Digo esto porque hubo unos días que en cualquier emisora o canal de televisión se comentaba el mismo tema, y se enviaron corresponsales a Los Ángeles para transmitir en directo la gala de los Oscars, un invento comercial y consumista que se merece precisamente eso, un Oscar. Y donde en el medio del Me too y la revolución feminista, las actrices más famosas y las que son ejemplos para gran parte de la humanidad, compiten no por sus ideas, sino por sus vestidos y joyas. Por sus escotes, o por una pierna que se asoma entre los pliegues de, a veces, cortinajes estrafalarios que se echan encima. Eso sí, con unas palabras en favor de la paz y la reivindicación de que no quieren que las traten como maniquíes vivientes.
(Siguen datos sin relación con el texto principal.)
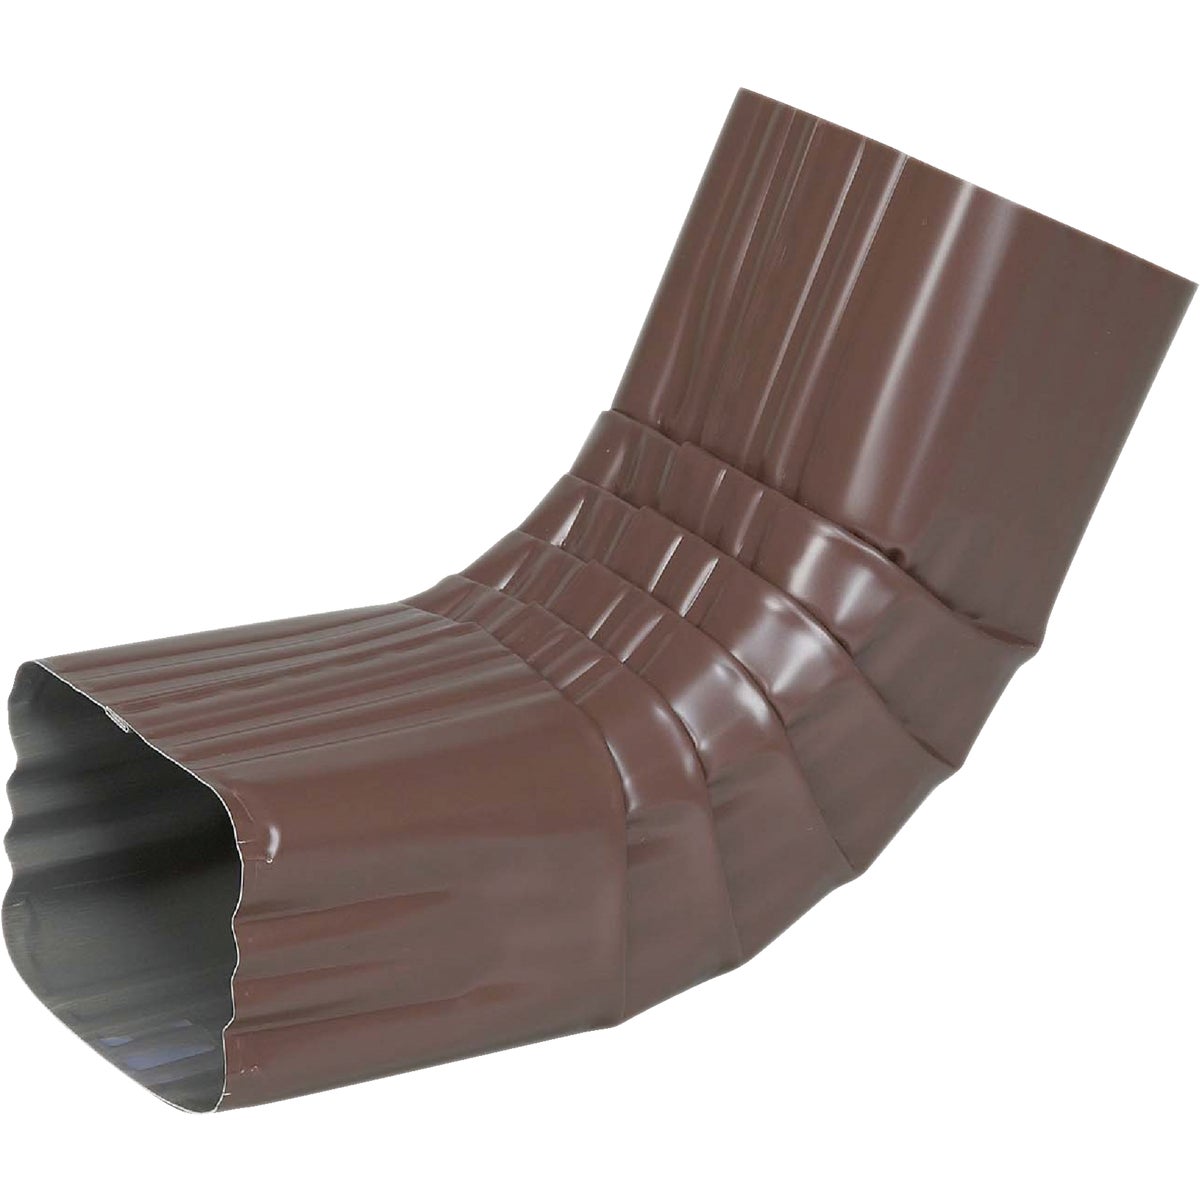 Spectra Metals 4AELRTB Spectra Metals 3 x 4 In. Aluminum Brown Front Downspout Elbow 4AELRTB

Como entre los candidatos había una pareja de actores españoles muy conocidos y que por lo visto deben ser muy buenos, se creó una expectación como si nos fuera en ello el futuro de la Nación. Y lo que se llama pomposamente la Gala, tratada de imitar telúricamente por los Goya españoles, se basa en prolongar varias horas un show en que un grupo de personas se premian ellos mismos recurriendo al humor a veces estúpido, para que las cámaras capten lo felices que son esos ídolos famosos. Todo para mantener la atención de los espectadores y poder insertar los anuncios que dan de comer a los innumerables trabajadores anónimos y enriquecen a las estrellas, que se sienten casi héroes de la humanidad. Y algunos hasta se ofenden cuando no se los baña con subvenciones, porque ellos representan la cultura, dicen. Como si los pintores, escultores, poetas, novelistas, payasos, cantantes corales, fotógrafos, músicos, equilibristas, etc no fueran parte de la Cultura. ¿Y los cirujanos plásticos no son acaso artistas? ¿Se le ha preguntado a los miembros del equipo médico que ha restaurado la cara de una joven accidentada, cuáles fueron sus sensaciones? ¿Si disfrutaron con la mirada de agradecimiento de sus padres?

Toda esa parafernalia consumista y hueca, pasará este año a ser conocida como la Gala del Guantazo. Tanto despilfarro de luces, modistos, reporteros, cámaras, para que todas las televisiones del mundo muestren, las radios digan y los periódicos escriban, el bofetón que le dio un tipo a otro, y que por suerte eran del mismo color de piel, sino tendría que haber intervenido la Comisión Internacional de Derechos Humanos y el debate sobre el avance del racismo reemplazaría a la guerra putiniana en la información mundial. Y lo más interesante de la noche, es que al que ejecutó el acto de desagravio en nombre de una persona enferma, le dieron un Oscar. No tengo claro si fue por su trabajo en una película o por fijar los límites entre el humor y la estupidez.

Mi mujer achaca a la senilidad la culpa de mis agrios comentarios. Que no sé disfrutar del arte y del progreso, y que por eso no entiendo como medio mundo se quedó pegado a la tele para hablar al día siguiente de un castañazo. Y están muy desubicados porque no pueden hablar de racismo, ni de violencia machista, ni de agresión sexual. A mí me ha recordado el ejemplo que tomó el Papa Francisco ante los periodistas, durante un vuelo, para entender algunos actos de violencia religiosa.

Yo seguiré viendo los documentales de la 2. Son más emocionantes, y los animales actúan con una naturalidad asombrosa.

Andrés Montesanto, miembro de la secta que considera que las palabras, a veces duelen más que un simple bofetón, que no deja secuelas.